Pour elle, la décision de fermer les écoles est venue “au bon moment”. Son mari et elle avaient anticipé la situation, et convenu, il y a quelques semaines, qu’en cas d’annonce de cas au Maroc, ils n’emmèneraient plus leur fille à l’école.

“Que mes enfants réussissent leur année ou pas, ce n’est pas grave. Je veux juste qu’ils restent en bonne santé”

Touria

Depuis le premier communiqué du ministère de la Santé, Hiba Chams n’est partie que deux fois à l’école. “J’étais inquiète à chaque fois, alors il nous a semblé plus logique que notre fille reste à la maison”, une manière pour cette mère de s’assurer que sa fille respecte les règles d’hygiène.

Je m’occupe de la maison, ce que je considère comme un travail à part entière. Avec une enfant à domicile, ce n’est pas facile”, constate Amal, “mais je suis une personne très privilégiée. Il y a une semaine, ma mère et ma tante sont venues chez moi, j’ai donc envoyé ma fille avec elles lorsqu’elles sont reparties dans le Nord, à Larache. Je suis sereine parce qu’il n’y a pas encore de cas officiels dans cette région”.

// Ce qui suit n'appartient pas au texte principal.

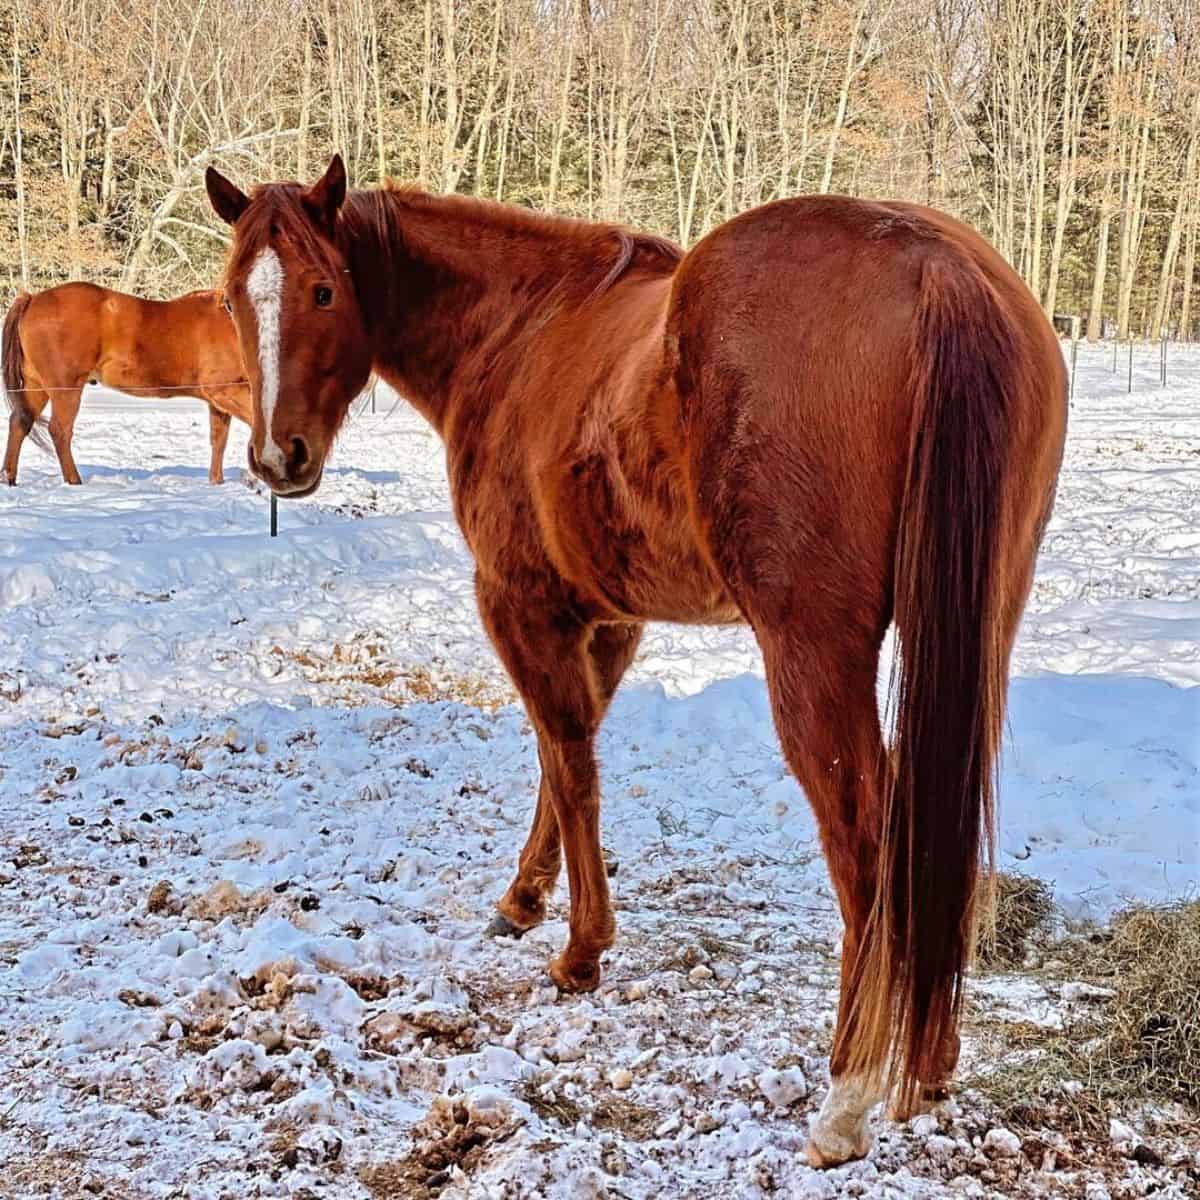 A red chestnut horse with cozy fur stands on the snow-covered ground on a ranch.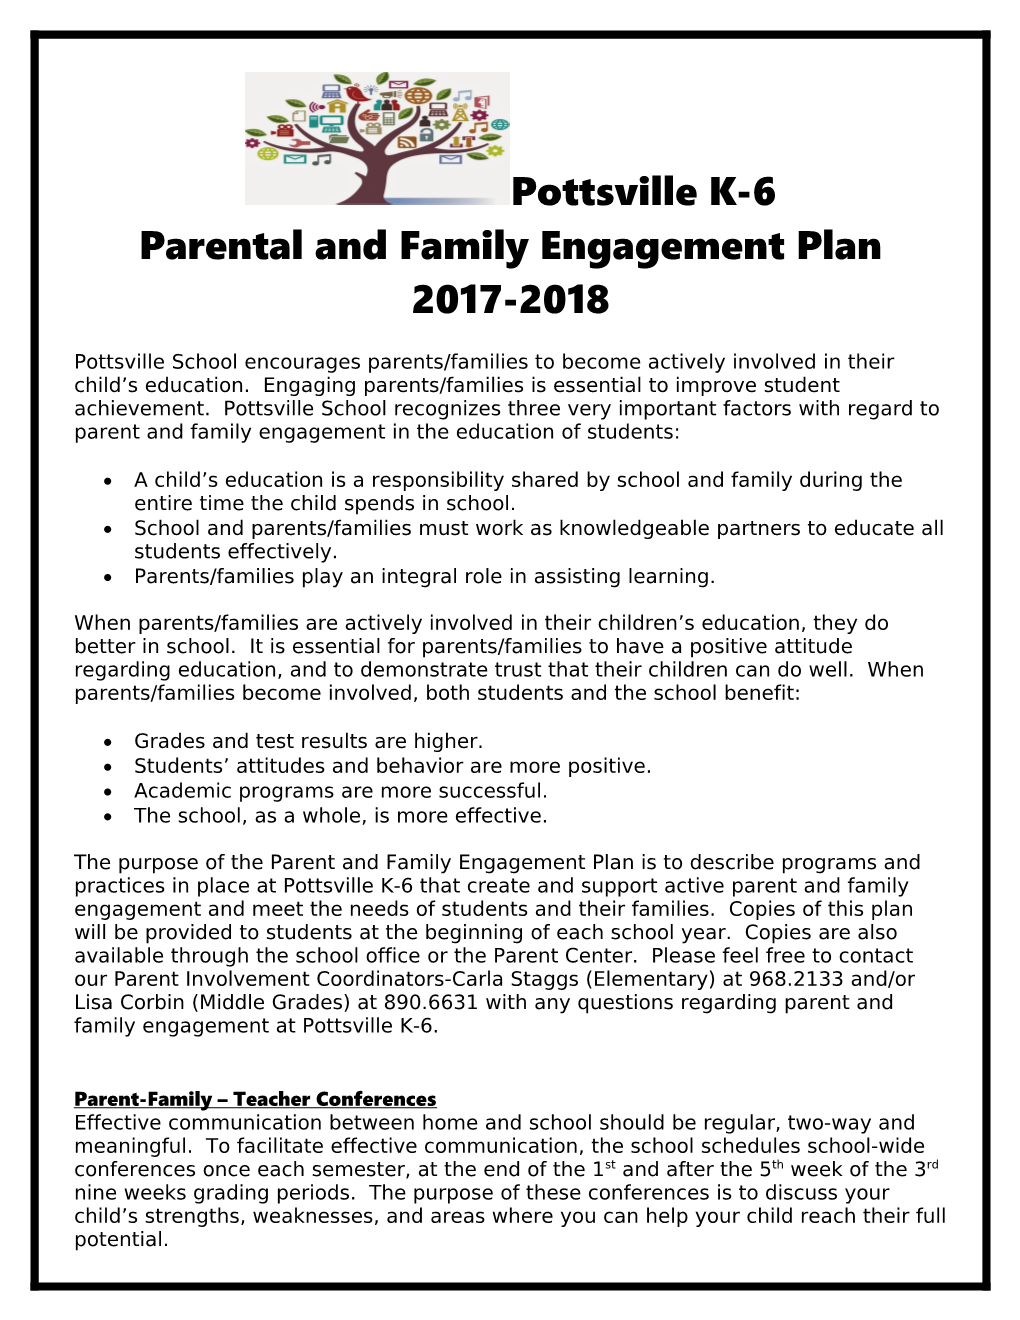 Parental and Family Engagement Plan

“Certains parents ont empêché leurs enfants d’aller à l’école avant l’annonce de la fermeture des écoles parce qu’ils avaient peur”

Chaimae, institutrice

Touria est elle aussi femme au foyer, elle réside à Casablanca. Comme Amal, elle estime que la décision de suspendre les cours est une bonne initiative : “Actuellement, c’est le mode ‘survivor’ qui est activé. Que mes enfants réussissent leur année ou pas, ce n’est pas grave. Je veux juste qu’ils restent en bonne santé.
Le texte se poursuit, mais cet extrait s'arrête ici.